We have observed that there is relatively little depiction of the Global South’s role in perpetuating coloniality and of its responsibilities in promoting decolonisation within its own geography. While the impact of colonisation, coloniality and neocolonisation from the Global North is appropriately a major focus, it is not sufficient to fully achieve the aspirations for decolonisation in global health.2–4 We, the Global South, appear to be waiting somewhat passively for the rising tide of decolonisation initiatives from the Global North to lift all boats, rather than actively partnering in, or leading the process. Individuals, communities and countries in the Global South need to turn the lens of decolonisation inward and scrutinise their own errors of omission and commission at the ‘local Global South’ level (figure 1).3

Granted, resource constraints in LMICs of the Global South can hamper decolonsation initiatives and limit sustainment. However, we believe that major reasons for the paucity of ‘local Global South’ discussion and action on decolonisation are that (1) we have not educated ourselves appropriately on the ‘what’ and ‘why’ of decolonisation for our purpose and (2) we have not done enough introspection into our roles in perpetuating coloniality in global health in the postcolonial era.

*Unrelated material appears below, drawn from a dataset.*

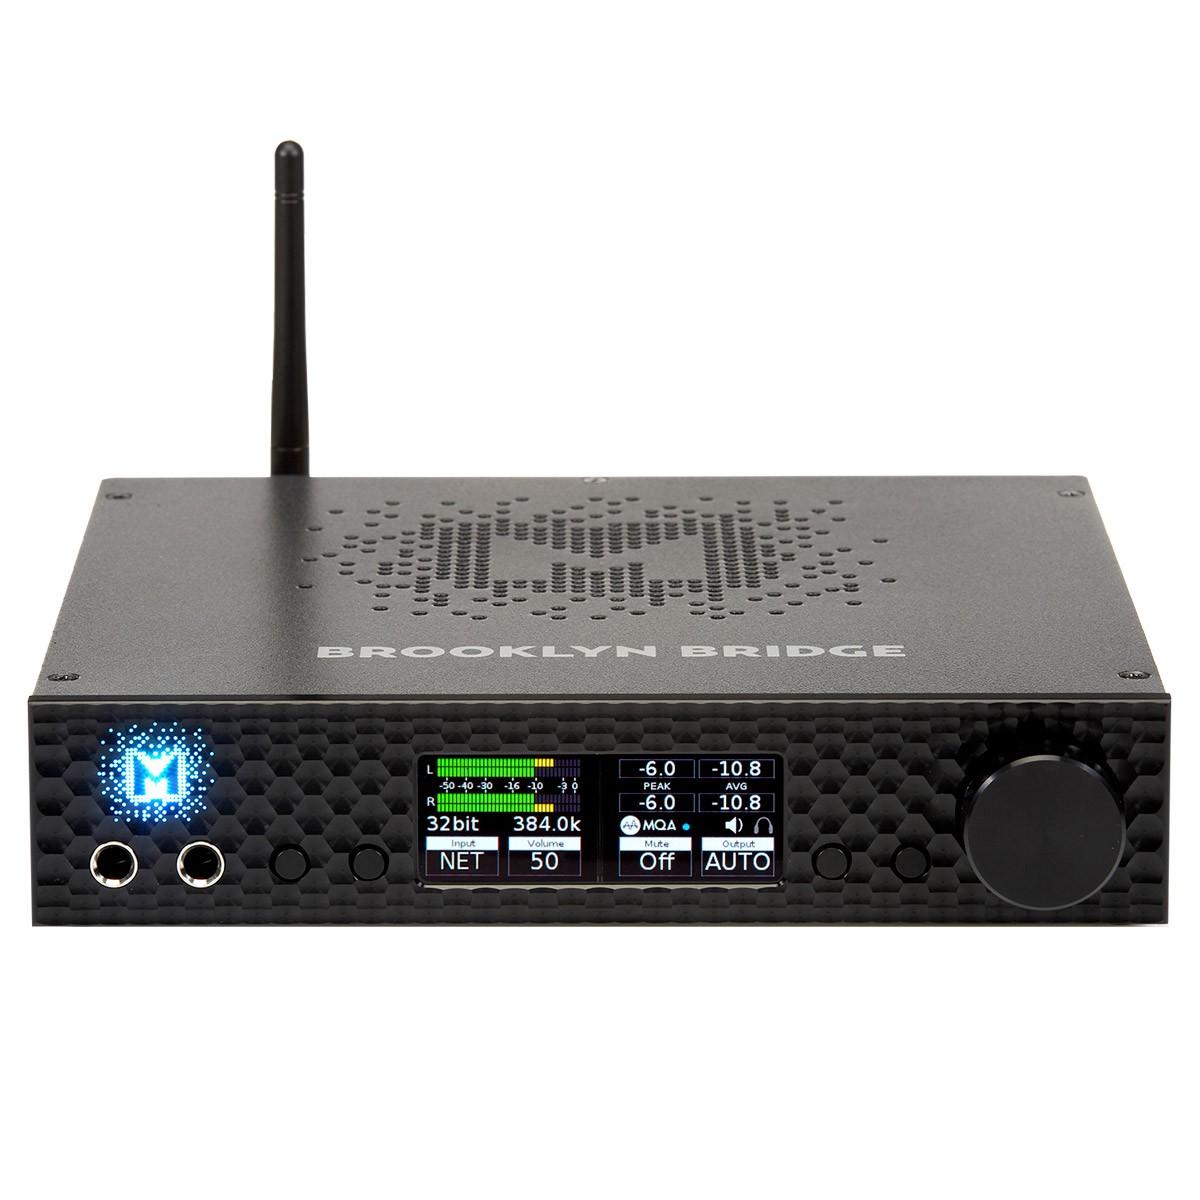 MYTEK BROOKLYN BRIDGE Streamer DAC MM/MC Phono Preamplifier ES9028Pro 32bit 384kHz DSD256 MQA

Decolonisation responsibilities for Global South personnel working in global health research, education or practice are not trivial and are worth considering for action, because (1) Global North-led initiatives will be more likely to be pragmatic and uphold the status quo11 and (2) Global South-led initiatives promote Global South ownership, which is more likely to drive aspirations that bring about fundamental change.2 12

From industry, we borrow the Four Actions Framework,13 which guides business organisations to identify and address internal bottlenecks to optimising product innovation, value and affordability. For this paper, we consider decolonisation the ideal ‘product’, and the ‘internal bottlenecks’ are coloniality of thinking and actions in global health by the Global South within its own ‘organisation’.